Repeat, line for line, only the span that opens at the "Christmas Balls With" line and closes at the final line below. Skip the pictures.

- [PROVIDED DATA]:
== Segment start ==

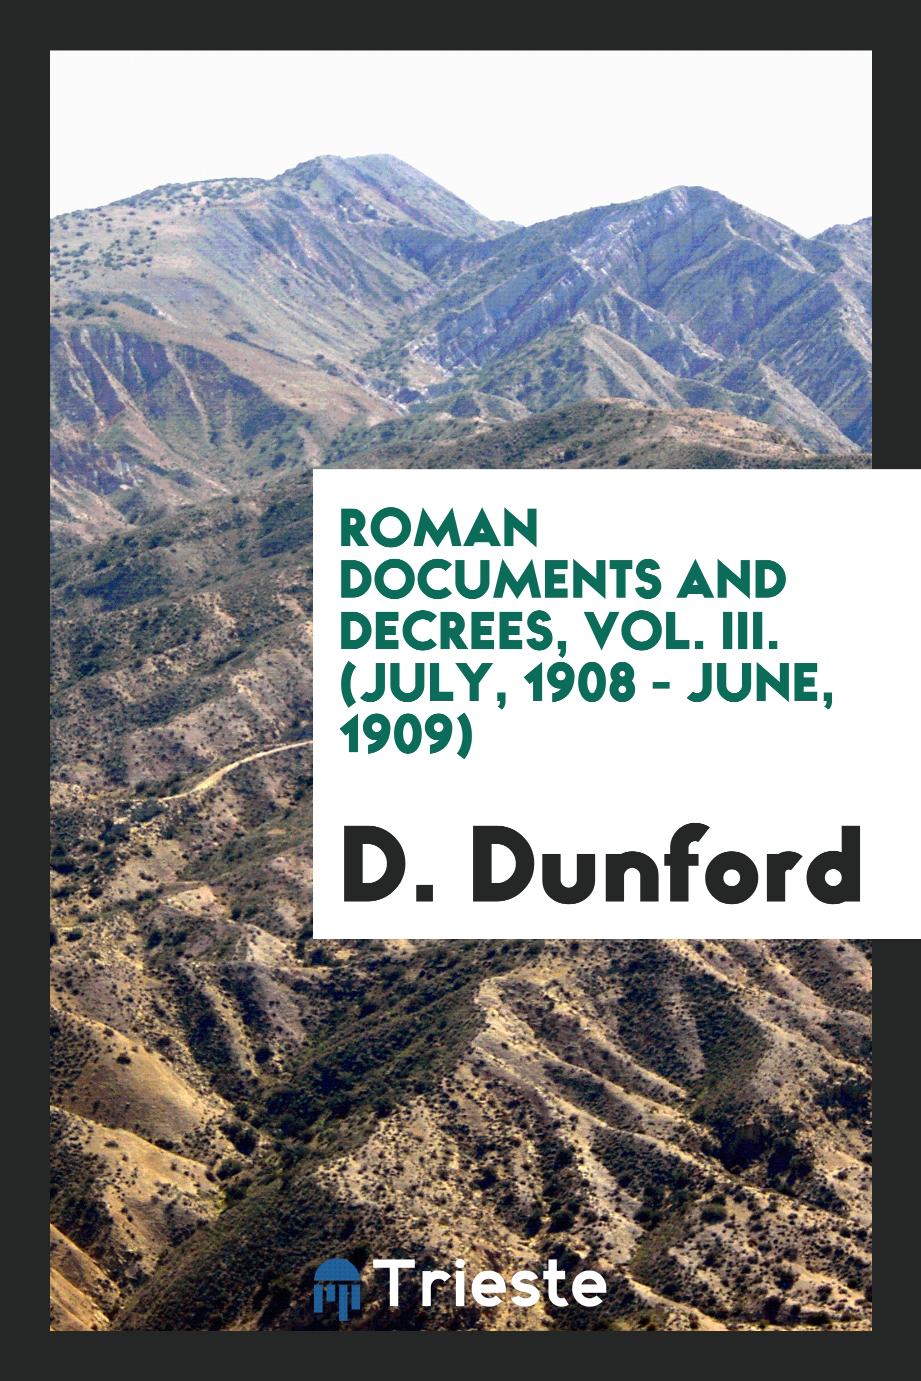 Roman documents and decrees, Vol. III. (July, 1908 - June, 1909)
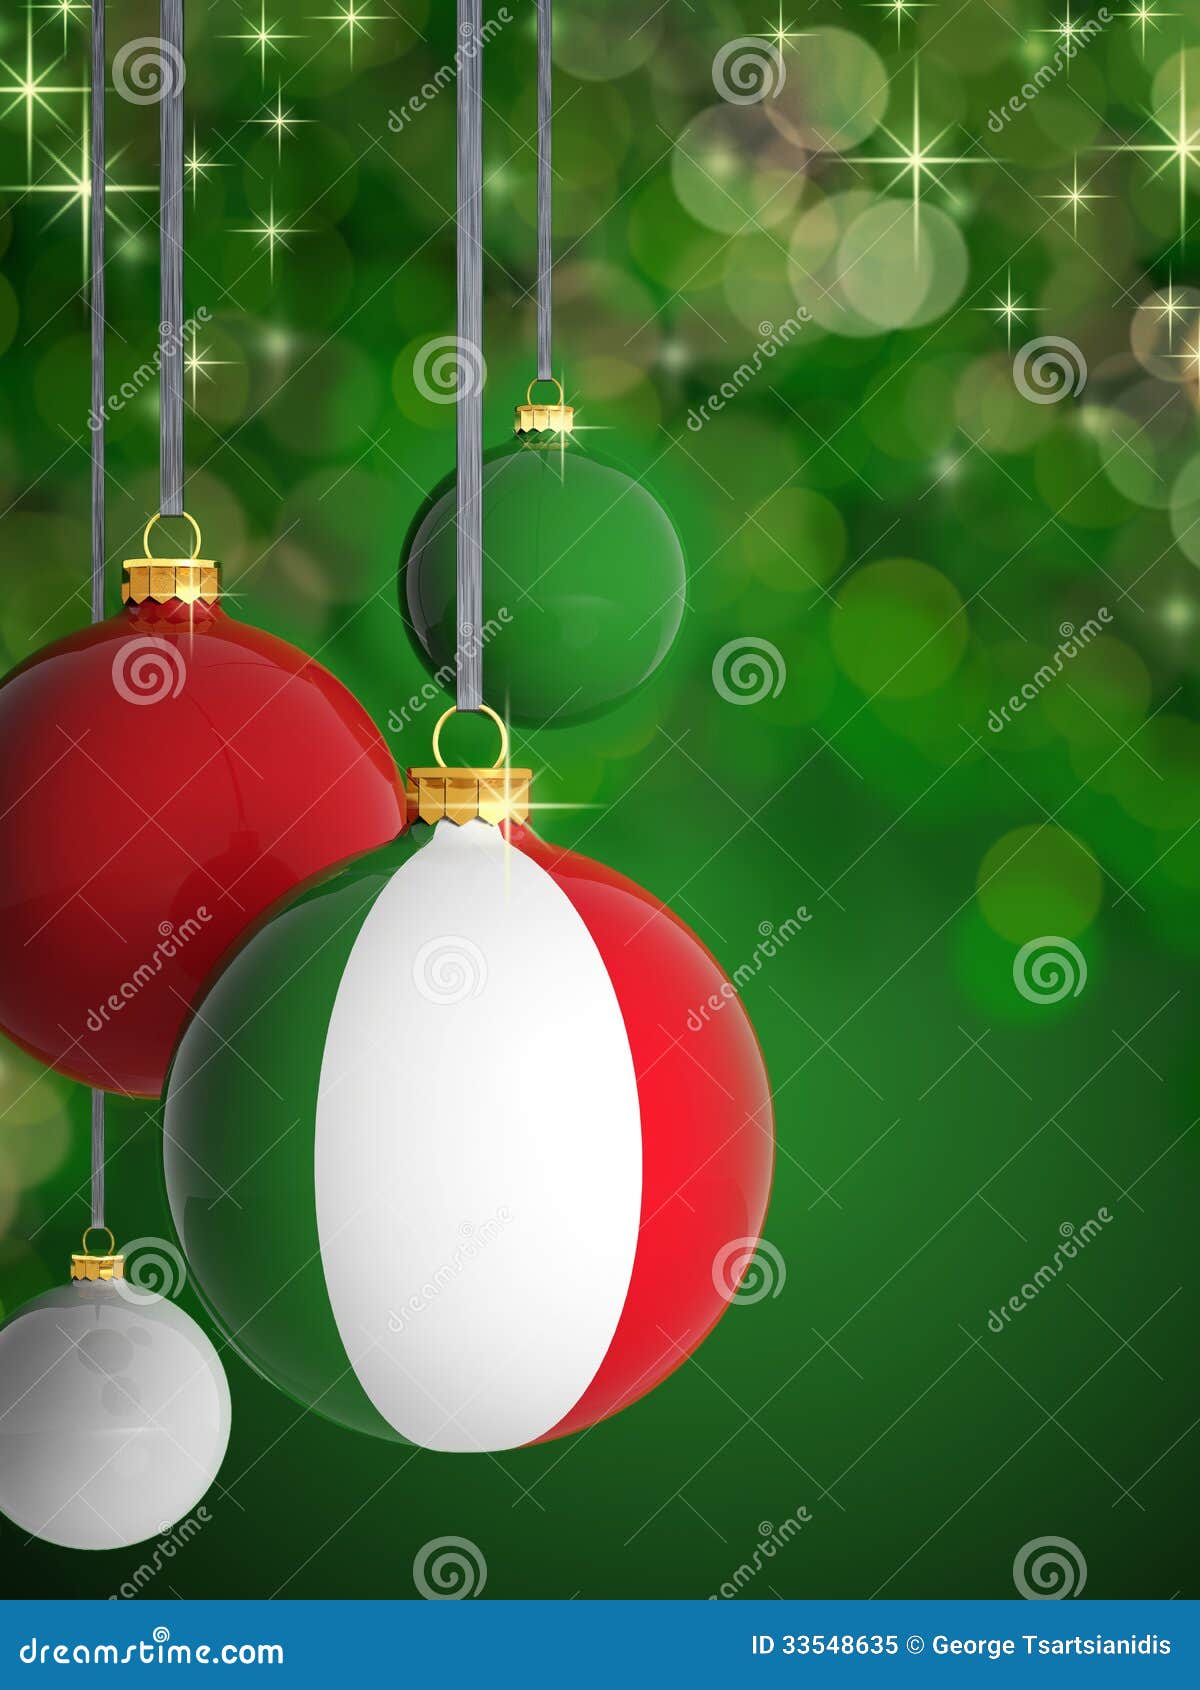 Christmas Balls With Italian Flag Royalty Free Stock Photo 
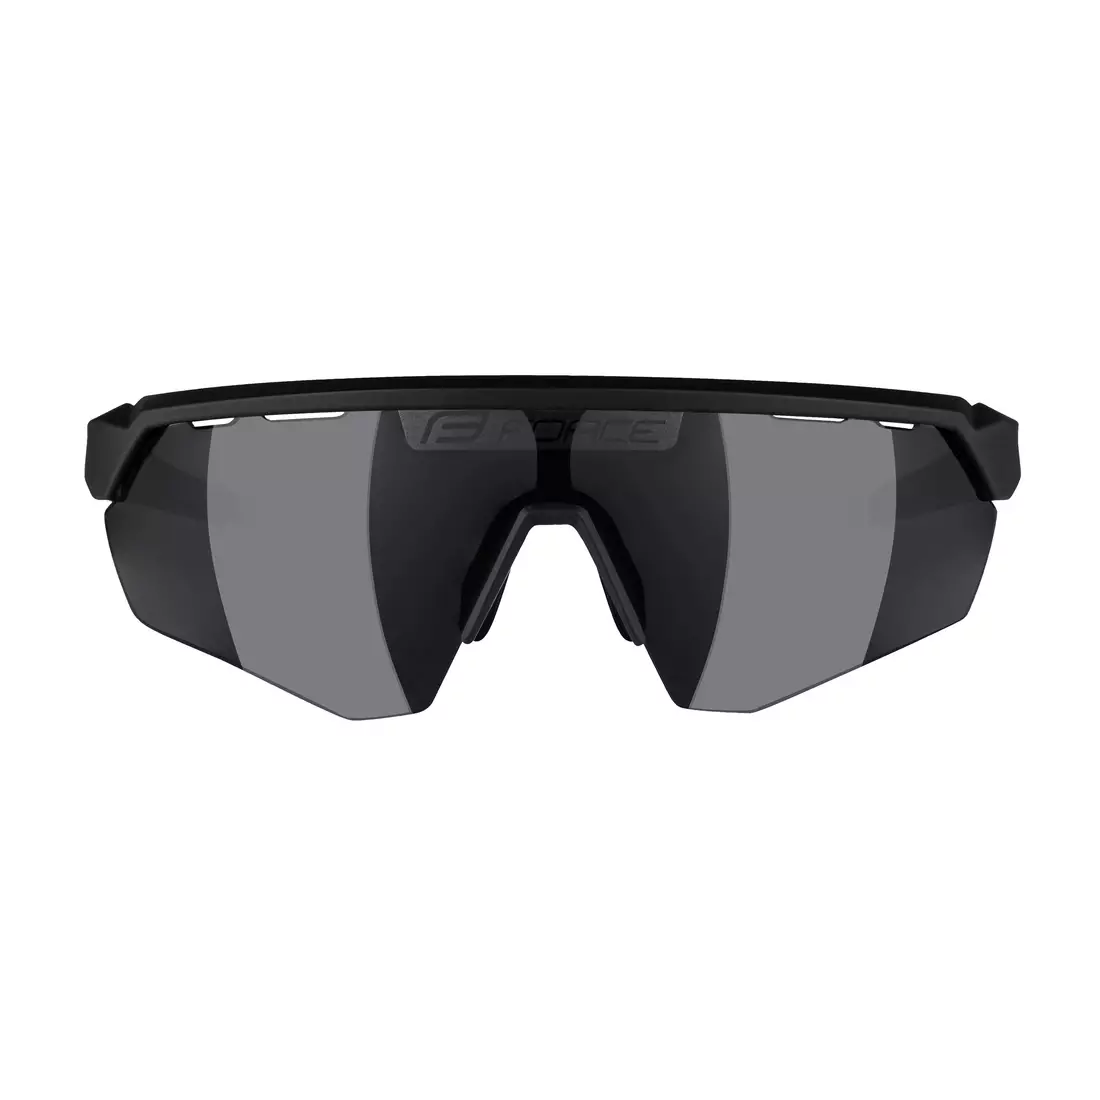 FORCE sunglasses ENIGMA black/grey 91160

== Segment end ==

- [WRITTEN RESPONSE]:
 Christmas Balls With Italian Flag Royalty Free Stock Photo 
 FORCE sunglasses ENIGMA black/grey 91160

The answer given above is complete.